## Instructions for the task:
Skip the pictures and restate, word for word, the lines from the one containing "Designer working on plans for a new park" to the end of the data below.

## Data excerpt:
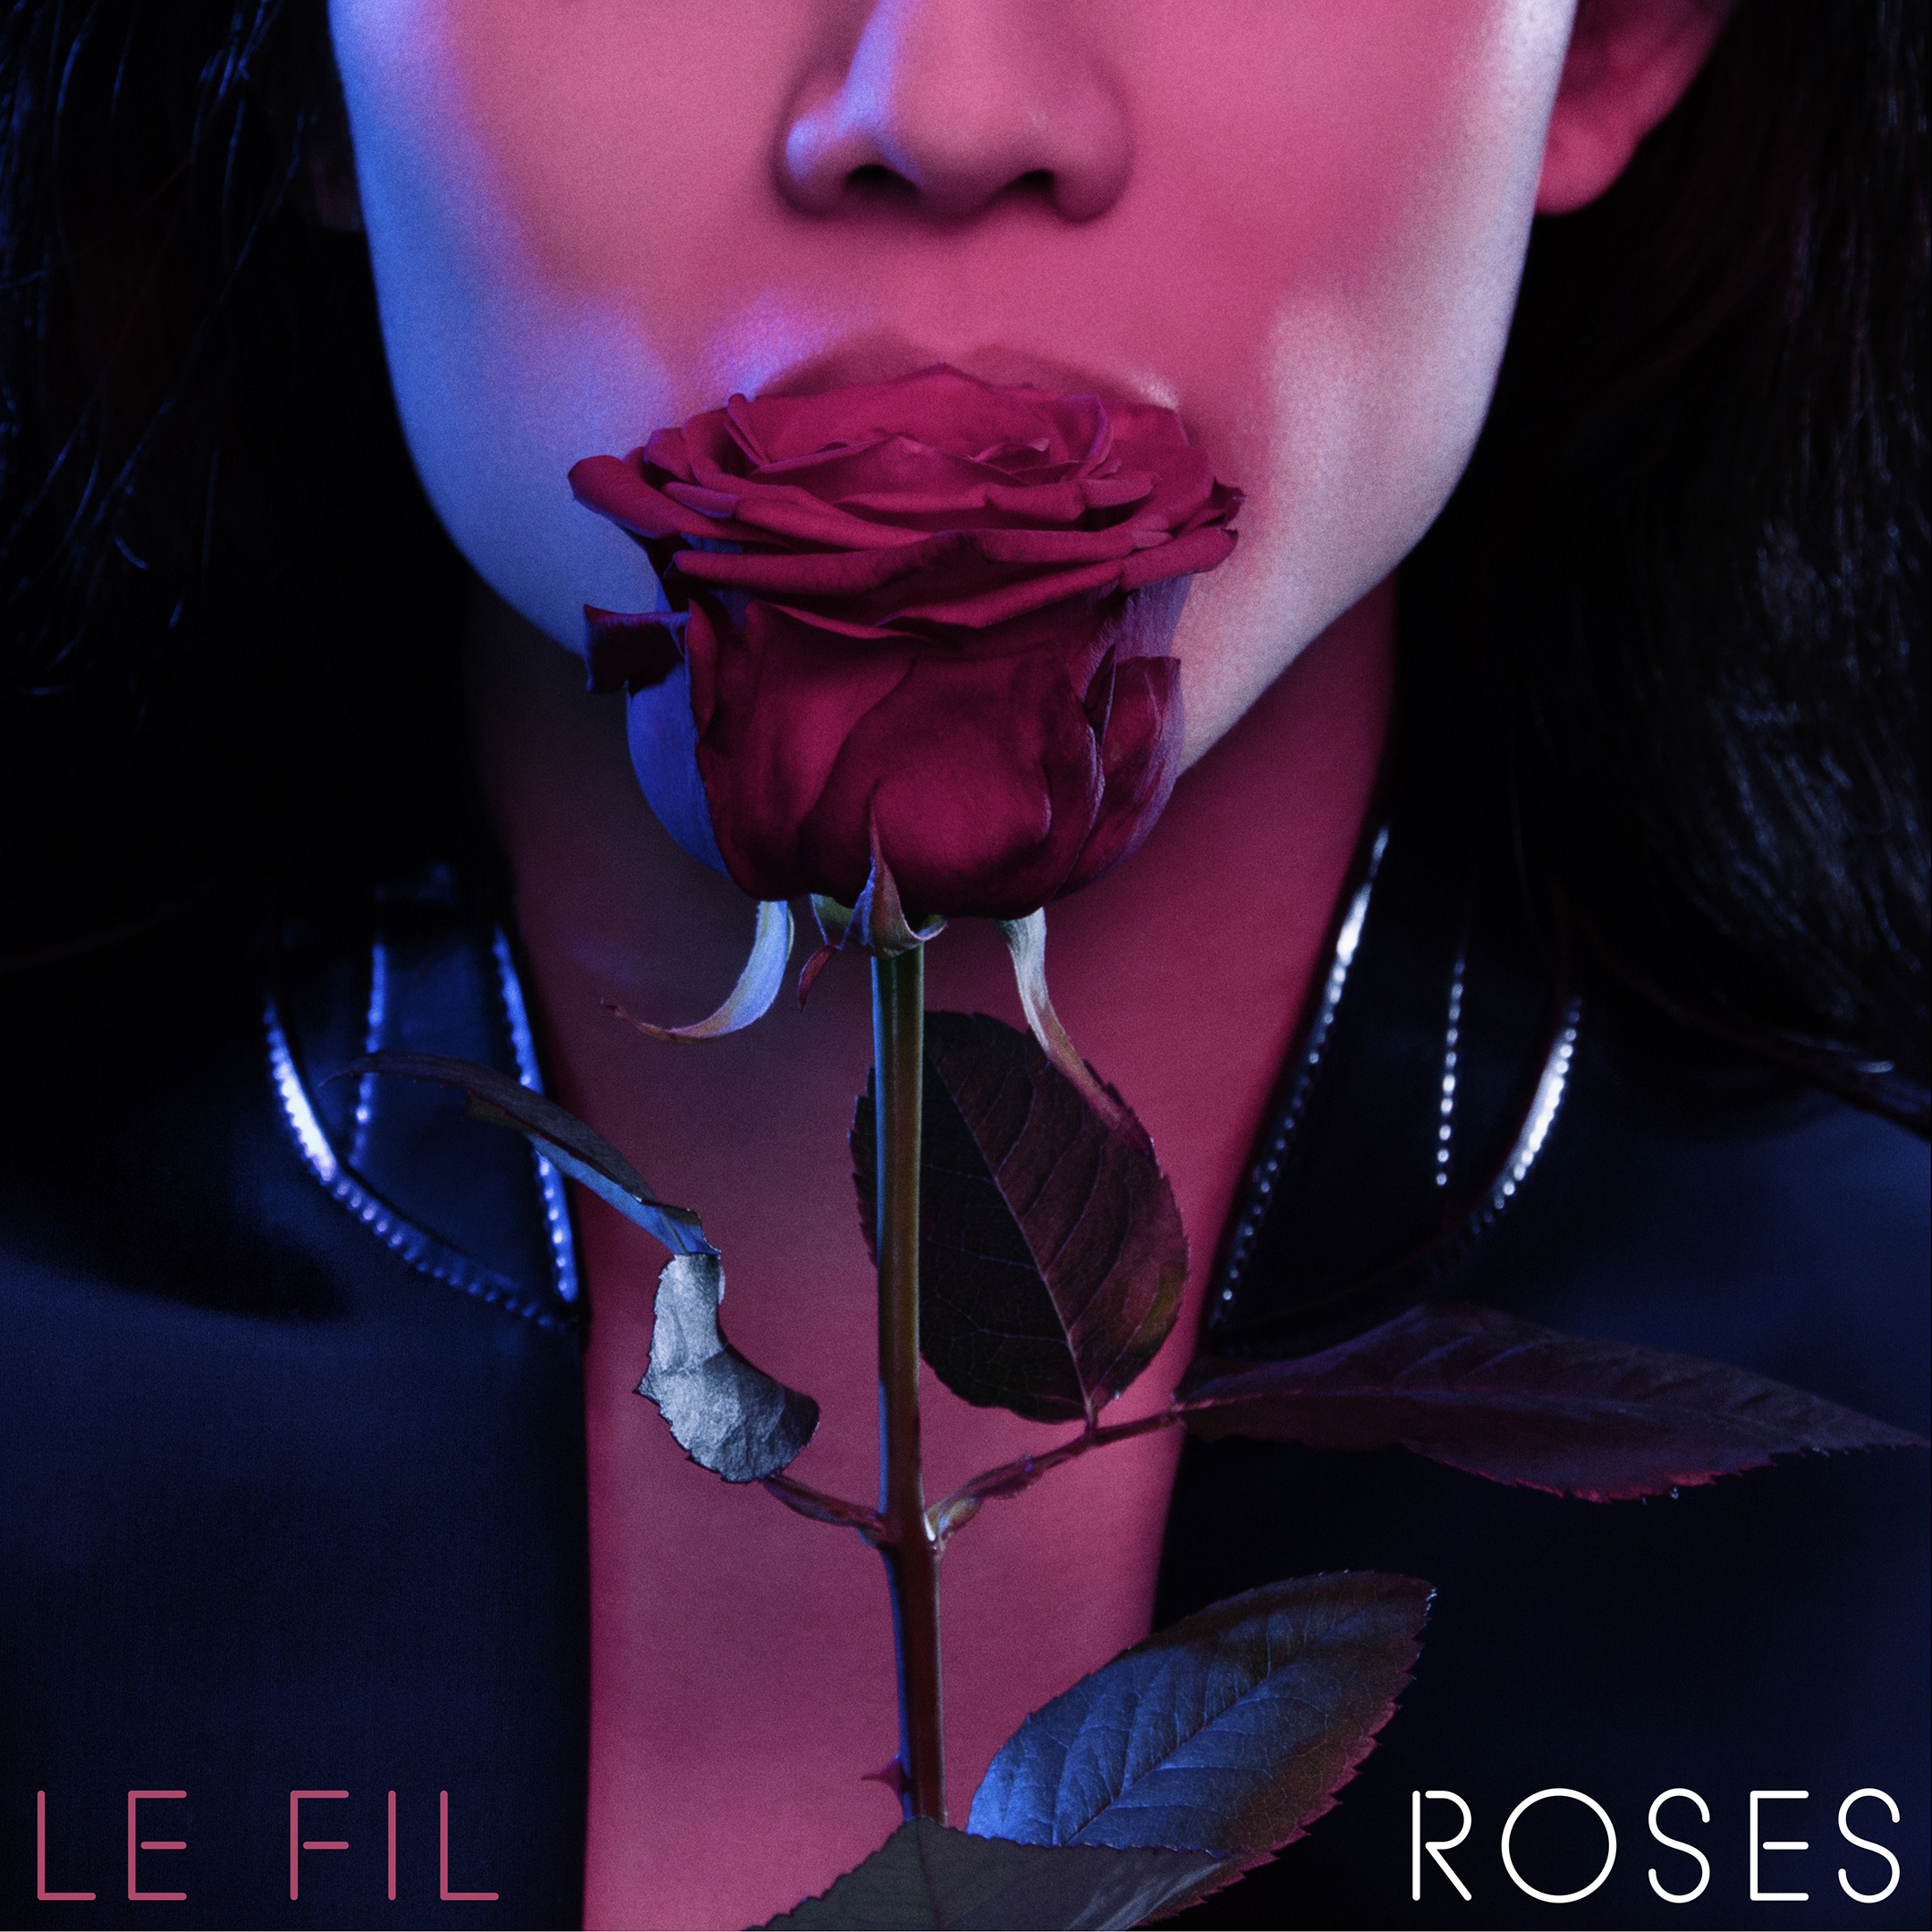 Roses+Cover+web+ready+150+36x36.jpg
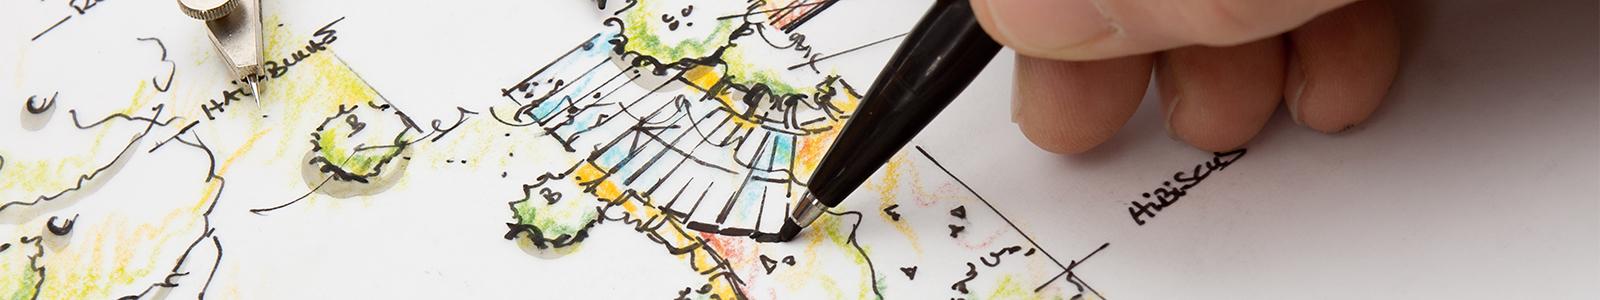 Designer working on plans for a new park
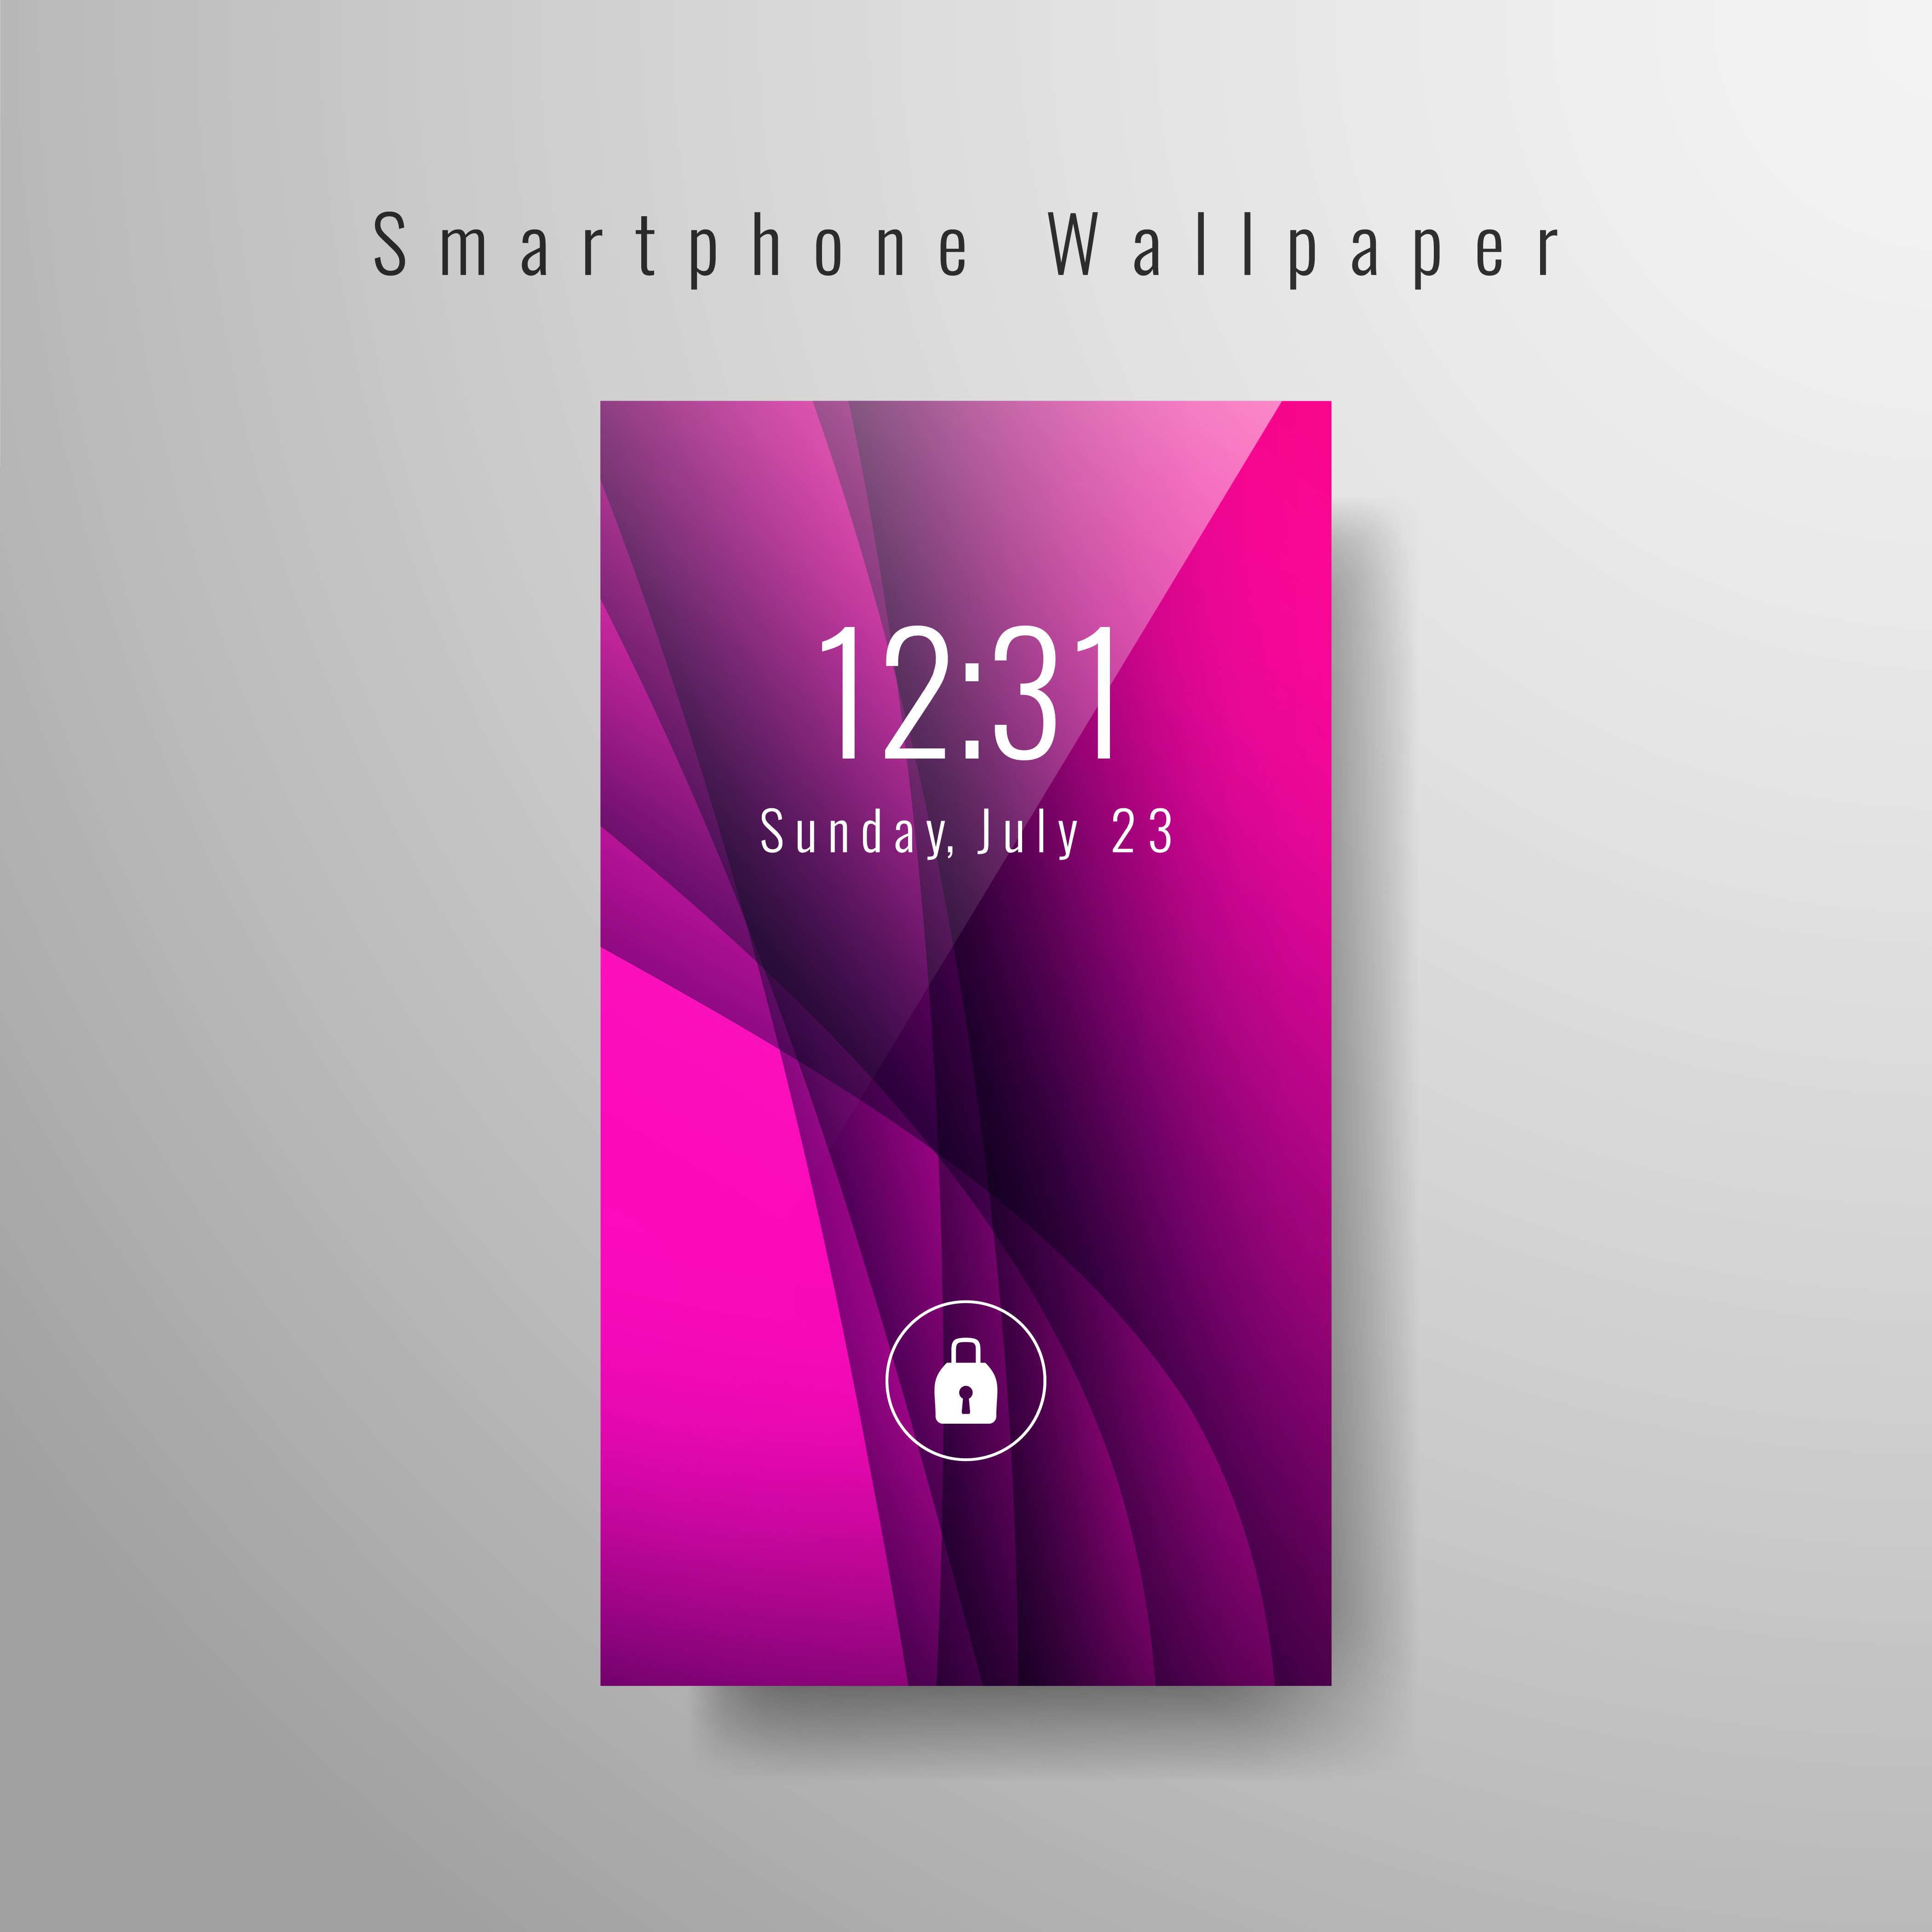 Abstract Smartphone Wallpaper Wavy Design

## Answer space:
 Designer working on plans for a new park
 Abstract Smartphone Wallpaper Wavy Design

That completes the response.